Start of The data
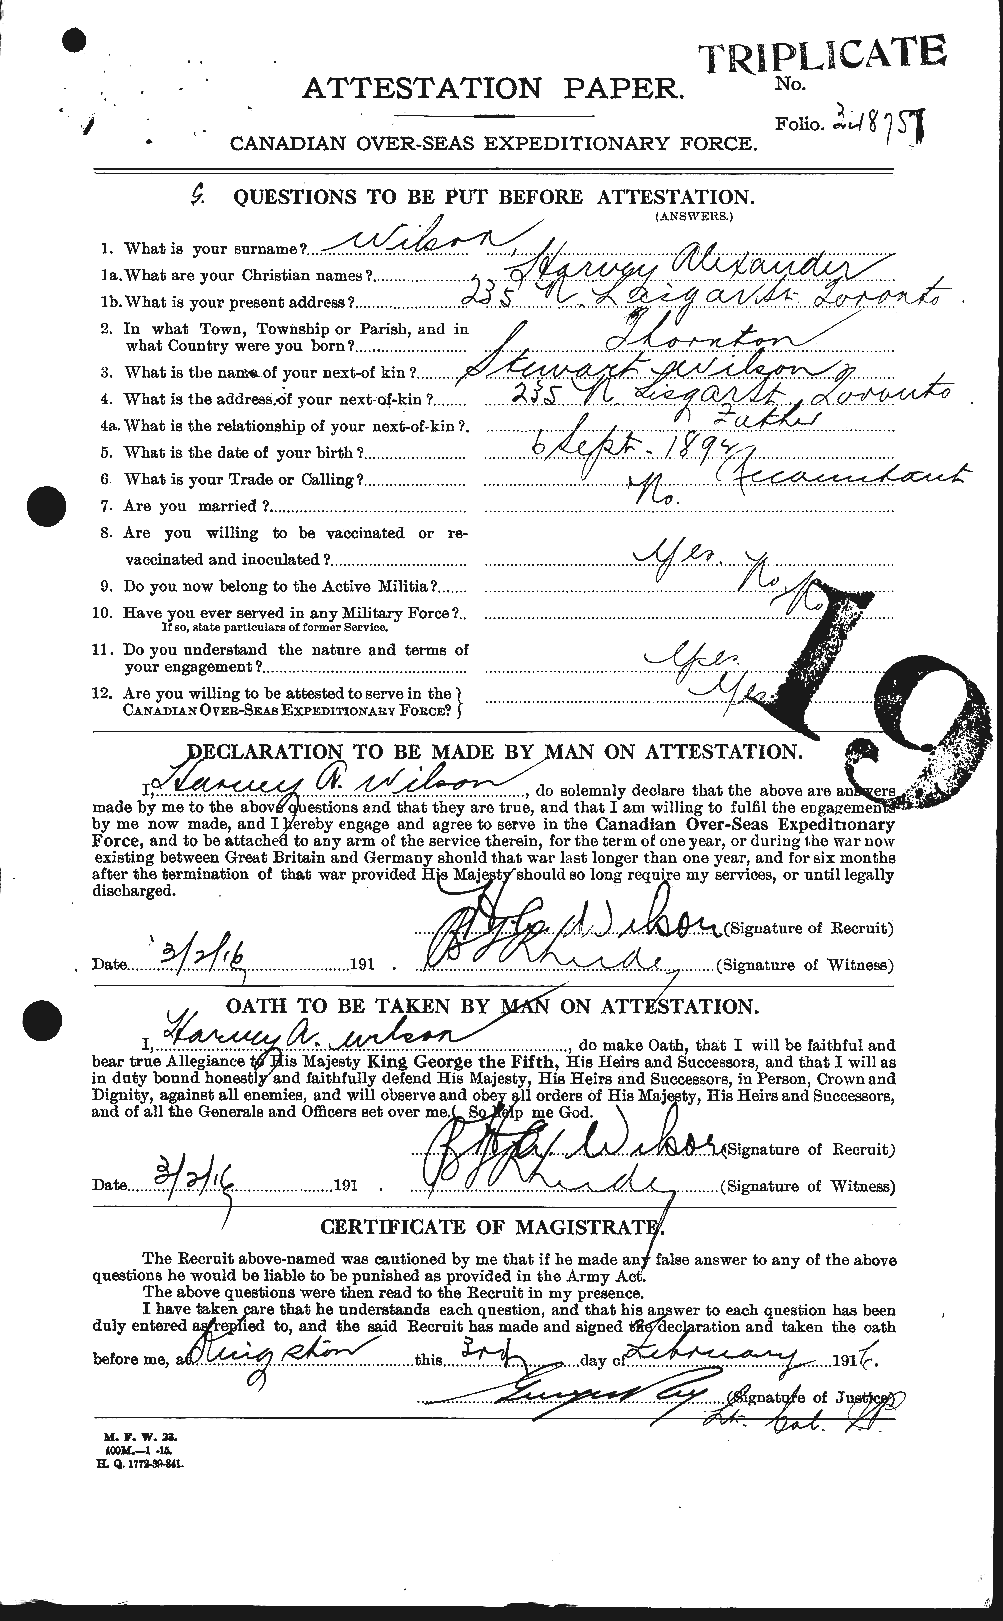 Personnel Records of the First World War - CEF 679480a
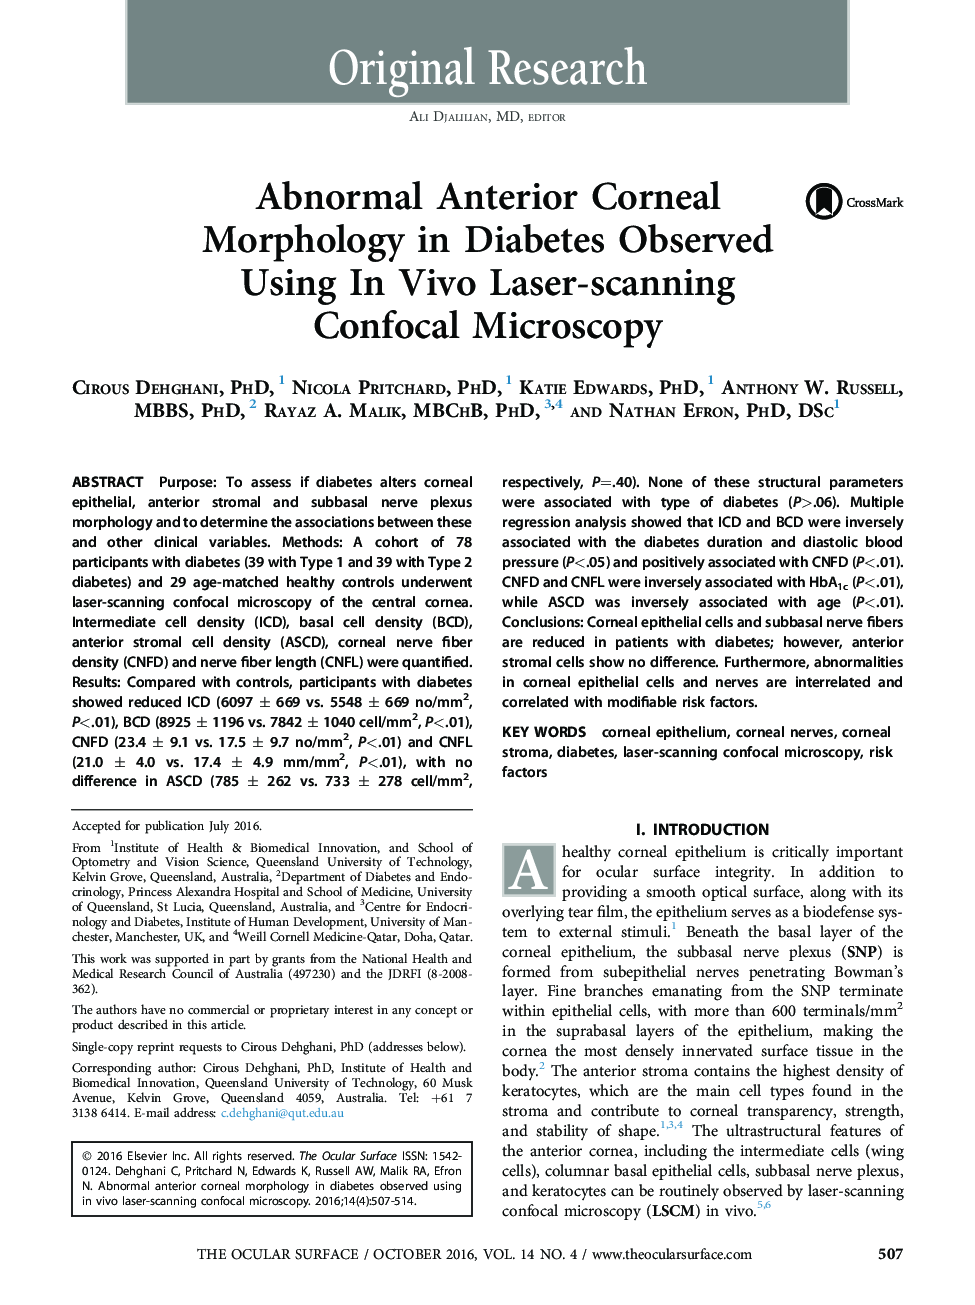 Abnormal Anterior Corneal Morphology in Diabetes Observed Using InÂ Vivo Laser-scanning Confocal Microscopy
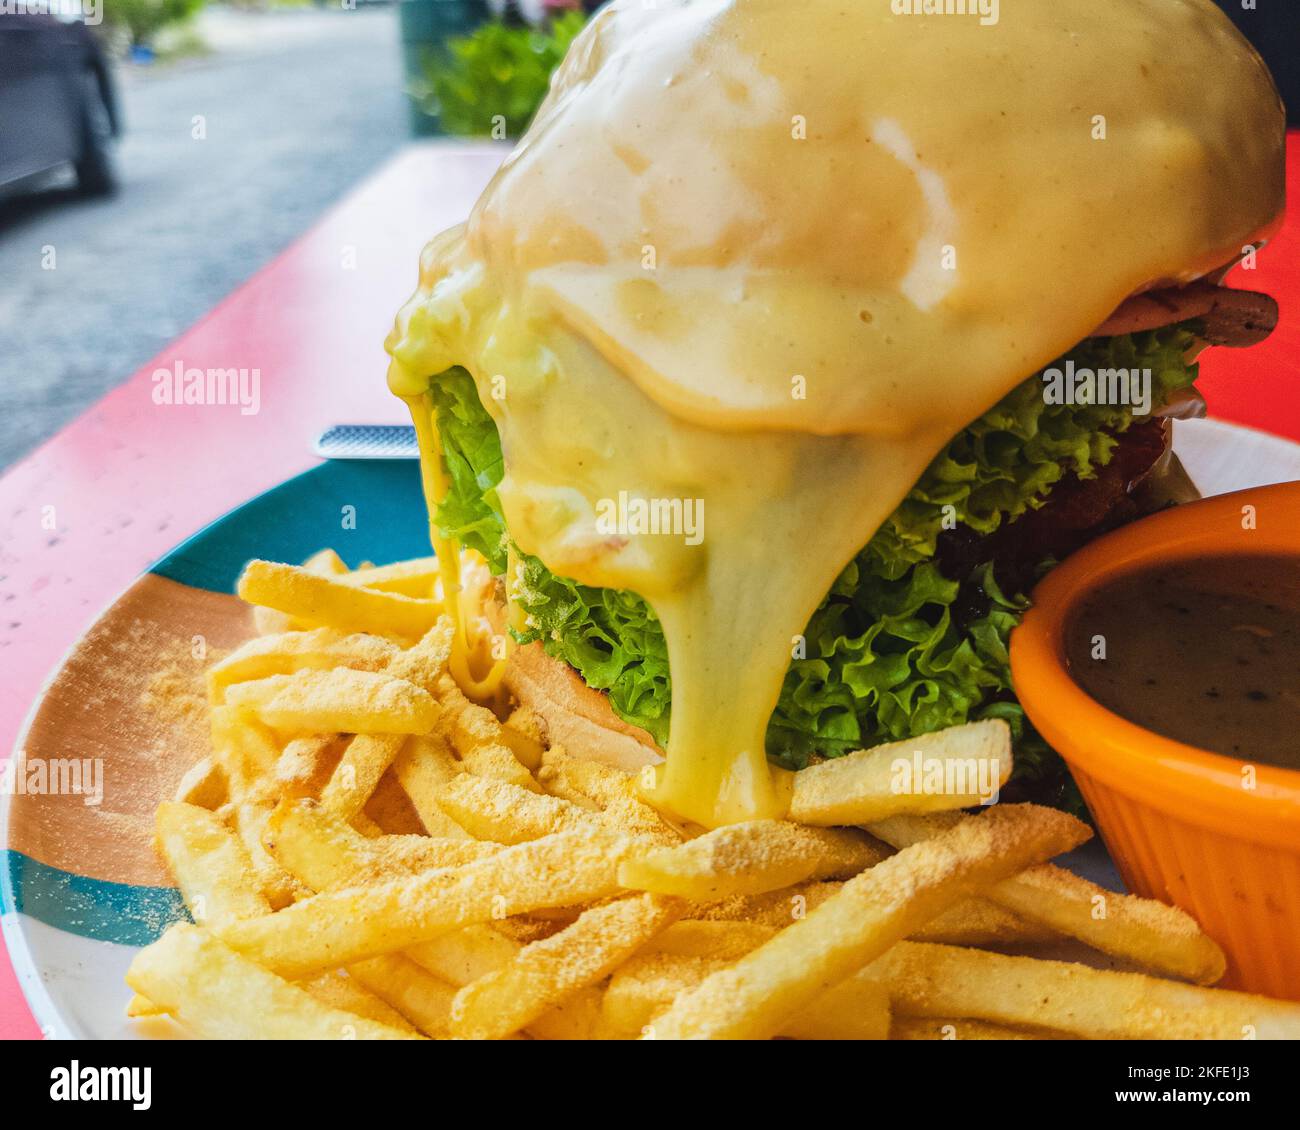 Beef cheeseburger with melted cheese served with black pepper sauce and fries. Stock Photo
End of The data
▶ [Task directions] The answer should hold every line of the listing, copied exactly, with no pictures.

▶ [Answer]
 Personnel Records of the First World War - CEF 679480a
 Abnormal Anterior Corneal Morphology in Diabetes Observed Using InÂ Vivo Laser-scanning Confocal Microscopy
 Beef cheeseburger with melted cheese served with black pepper sauce and fries. Stock Photo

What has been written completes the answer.